Most people know what a bucket list is, but a reverse bucket list is a little more mysterious. For a bucket list, you write down all of things you want to do or accomplish.
But for a reverse bucket list, you write down things you’ve already done, such as activities and accomplishments. This method can be especially helpful when you need a confidence boost or when you need to work out a problem and could use some insight from your past actions.
You can make a reverse bucket list to fit whatever your needs may be, so here are some dos and don’ts to keep in mind when creating one.
1. DO find a common theme.
Say you’re having a hard time at work, and for whatever reason, nothing you do seems to work out. You need a pick-me-up reminder of your past successes and how they all came to be from your hard work.
Take five minutes and write down some of your recent work-related accomplishments, such as promotions, successful presentations, or even words of praise from your boss.
By zoning in on the area that you need a little boost in, you will be able to tailor your list to that area and, in turn, feel more confident about it in the end.
If it’s about work, write down work-related successes. If it’s about your social skills, write down times you met friends and how you made those relationships happen.
If you don’t have a specific area you want to address and just want to feel better overall, then mix it up. Write down times when you felt adventurous, successful, happy, or intelligent. Addressing all of these aspects will give you the positive perspective you need.
2. DON’T dwell on the negative.
I’ve found that when you’re feeling particularly low in a single moment and you try to do this exercise, you can succumb to only remembering negative moments. When you’re consumed by negative thoughts, it’s much easier to exist in them rather than recall the positive ones.
If you’re trying to do this exercise and can’t seem to think of one past accomplishment or happy memory, then take a step back. Make a cup of coffee, read a book, or listen to a song. When you believe you’ve achieved greater clarity, then try again.
Sometimes, it’s easy to be upset at ourselves and not want to do anything about it, so we keep spiraling with no way out.
An important part of this exercise is that you’re open to remembering those good memories and achievements, and if you do that, they will come to you with greater ease.
3. DO list concrete actions.
A reverse bucket list not only helps you remember positive moments in your life, but it can also give you guidance on how to proceed forward.
If we’re faced with a monumental task in front of us, we can feel so overwhelmed that we psych ourselves out before even trying then think we’ve already failed. Depending on the situation at-hand, it’s beneficial to think about similar situations in the past and how you handled them then.

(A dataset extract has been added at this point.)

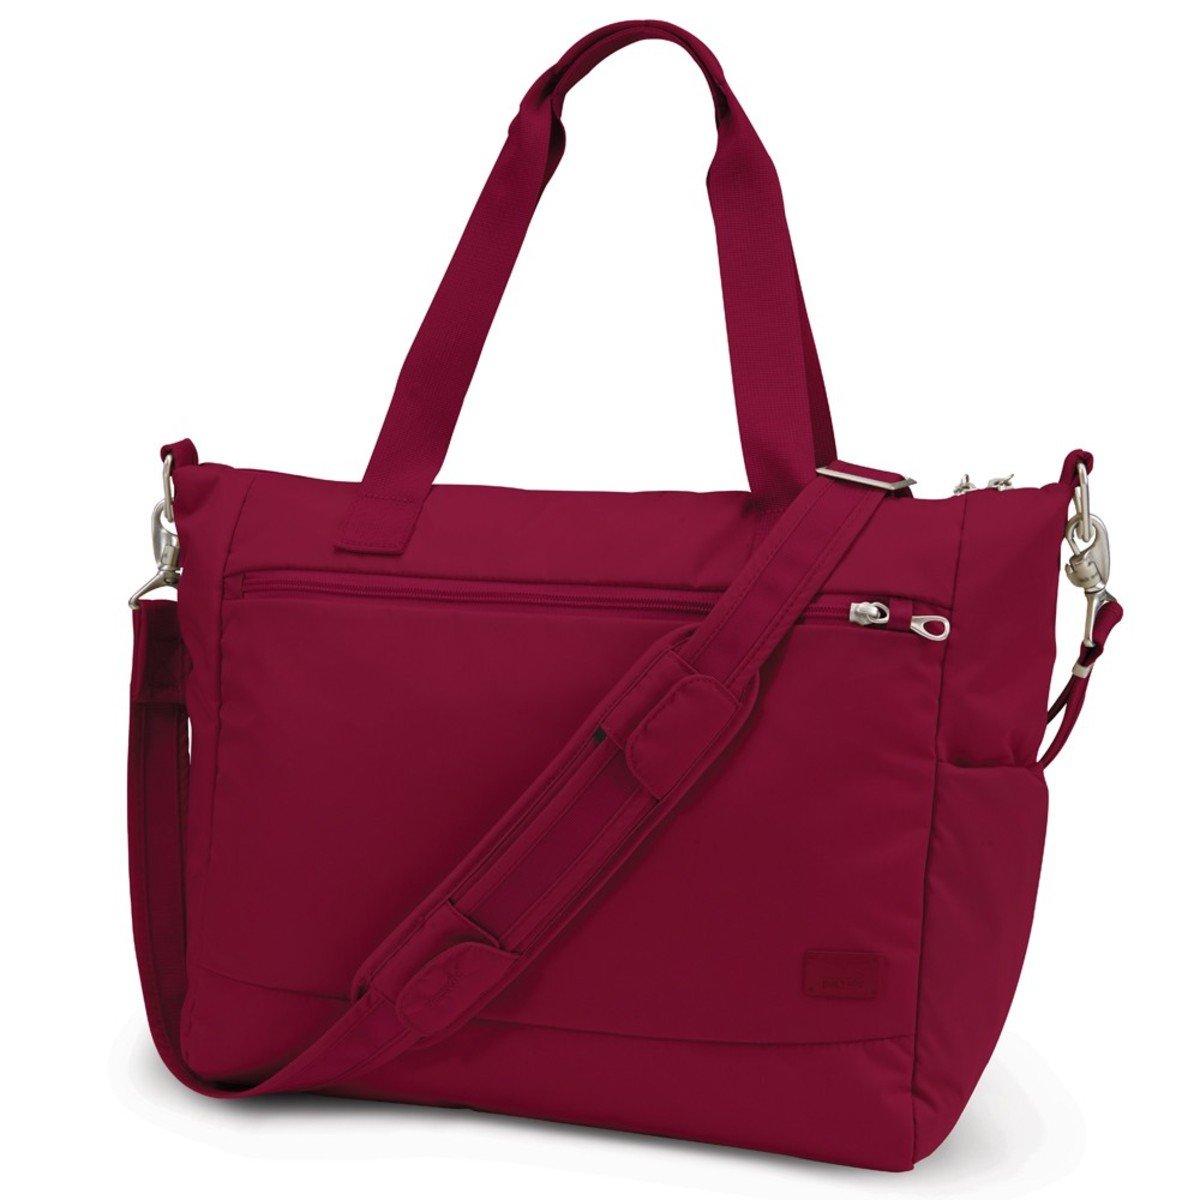 Citysafe CS400 防盜旅行斜揹手提袋 (紅色)

Maybe you’re having an issue with a coworker and you decide to write down past positive moments with your colleagues to help you feel better. As you’re writing them down, you may recall a similar disagreement.
Write down the specifics of what happened and what you did to resolve it. Writing helps us work out problems and by listing the specifics of that moment and the actions you took to resolve it, you will walk away with a better idea of how to handle your current issue.
4. DON’T forget to save it.
I like to save most things that I write, primarily because I sometimes like to look back at what I was thinking at a certain time and compare it to how I feel now.
Reverse bucket lists can be a good tool for you to save whether you want to walk down memory lane one day or when you need a reminder of how to create one. Write your lists on your phone, on random sticky notes, or in your journal and your reverse bucket lists can have the potential of coming in handy in the future.
By writing down all of your past accomplishments, you can relive your favorite experiences and memories and be able to remind yourself of what you’re capable of. It will serve as a reminder of your capabilities and provide you with a greater perspective when you’re feeling especially low or unsure of yourself.